Suara Kenabian Frans Magnis Suseno, SJ

Suara Kenabian Frans Magnis Suseno, SJ

Media riuh rendah dengan persidangan gugatan sengketa pilihan presiden di MK. Salah satu yang menjadi pembicaraan hangat adalah kesaksian Frans Magnis Suseno, profesor atau guru besar dari Sekolah Tinggi Filsafat Driyarkara, sekaligus biarawan Serikat Jesus. Salah satu pernyataannya yang paling penting adalah, jika mengambil keuntungan untuk pribadi atau kelompok, itu sudah keliru. Bahasa yang saya gunakan, tepatnya tidak demikian, namun esensinya tersebut di atas.

Selaku dosen-akademisi, sekaligus juga praktisi, namun juga biarawan, ia menyuarakan suara hatinya.  Gejolak politik yang ia pandang tidak laik, layak, dan tidak etis, ingat ia adalah pakar mengenai etika. Tugasnya sebagai orang Katolik apalagi tertahbis adalah kenabian, raja, dan imam.

Apa yang ia sampaikan adalah suara kenabian, di mana menyuarakan kebenaran di tengah suara sumir kebenaran yang berkaitan dengan  kepentingan. Tentu saja Rama Magnis tidak mempunyai kepentingan di dalam konteks pilpres ini.
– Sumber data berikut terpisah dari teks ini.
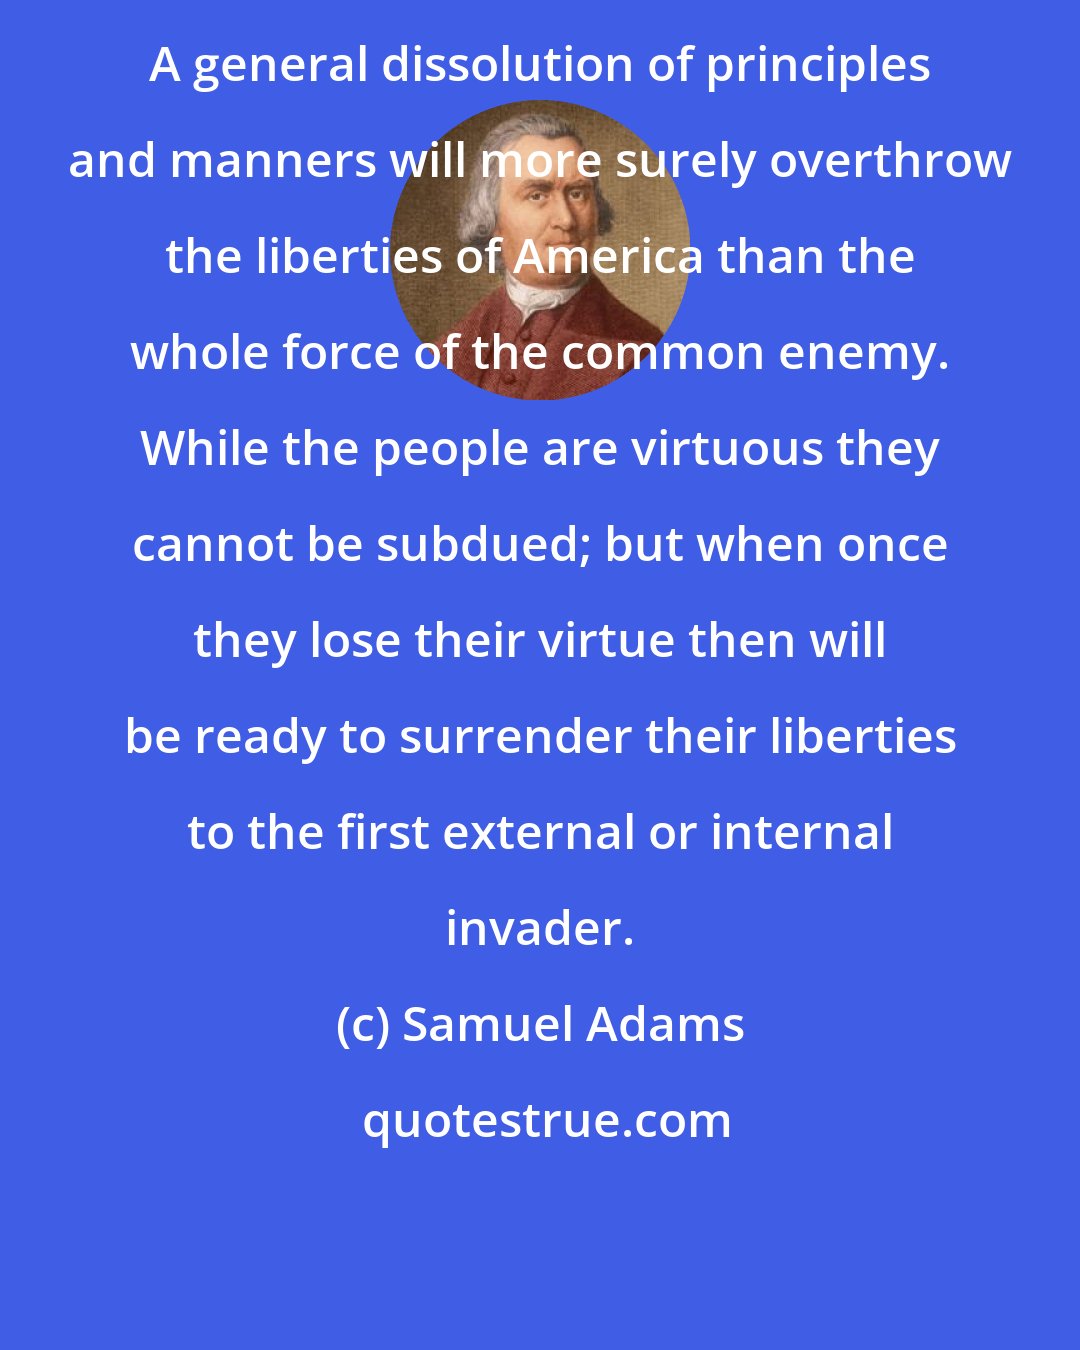 Samuel Adams: A general dissolution of principles and manners will more surely overthrow the liberties of America than the whole force of the common enemy. While the people are virtuous they cannot be subdued; but when once they lose their virtue then will be ready to surrender their liberties to the first external or internal invader.

Rekam jejaknya juga memberikan keyakinan bahwa ia tidak membela kepentingannya sendiri, atau kelompok, apalagi agamanya.

Merunut sejenak ke belakang, bagaimana jernihnya Prof Magnis Suseno ini, ketika menjadi saksi ahli meringankan untuk terdakwa pembunuhan rekan kerjanya dalam skandal Jenderal Sambo beberapa waktu lalu. Ia hadir untuk memberikan argumen keahliannya, bagaimana seorang Bhayangkara Dua tidak akan memiliki keberanian melawan perintah dari jenderal bintang dua, pangkat bak bumi dan langit.

Pendapat umum terbelah memberikan pembelaan dan penilaian bahwa pembunuhan itu terjadi dengan kesadaran, pada satu sisi. Pihak yang memberikan dukungan pada EE juga cukup banyak. Rama Magnis memberikan pembelaan, penilaian, dan juga dukungan tentu    tanpa bayaran ataupun memperoleh keuntungan apapun. Keahliannyalah yang melatarbelakangi pilihannya.

Kali ini, dalam pilpres pun hal demikian terjadi. Rekam jejaknya sangat panjang, bukan sebagai guru besar yang tidak konsisten. Sikap konsisten ini yang bisa menjadi rujukan, bahwa apa yang ia lakukan di MK itu lebih kuat membela kebenaran yang lebih umum. Ingat tidak ada kebenaran absolut, namun jelas bukan karena kepentingan dan keuntungan pribadi atau kelompok.

Miris ketika orang Katolik sendiri, hanya karena perbedaan pilihan politik malah menyalah-nyalahkan kesaksian Prof. Magnis. Sekali lagi, rekam jejaknya memberikan bukti, bukan karena perbedaan afiliasi dan pihan semata.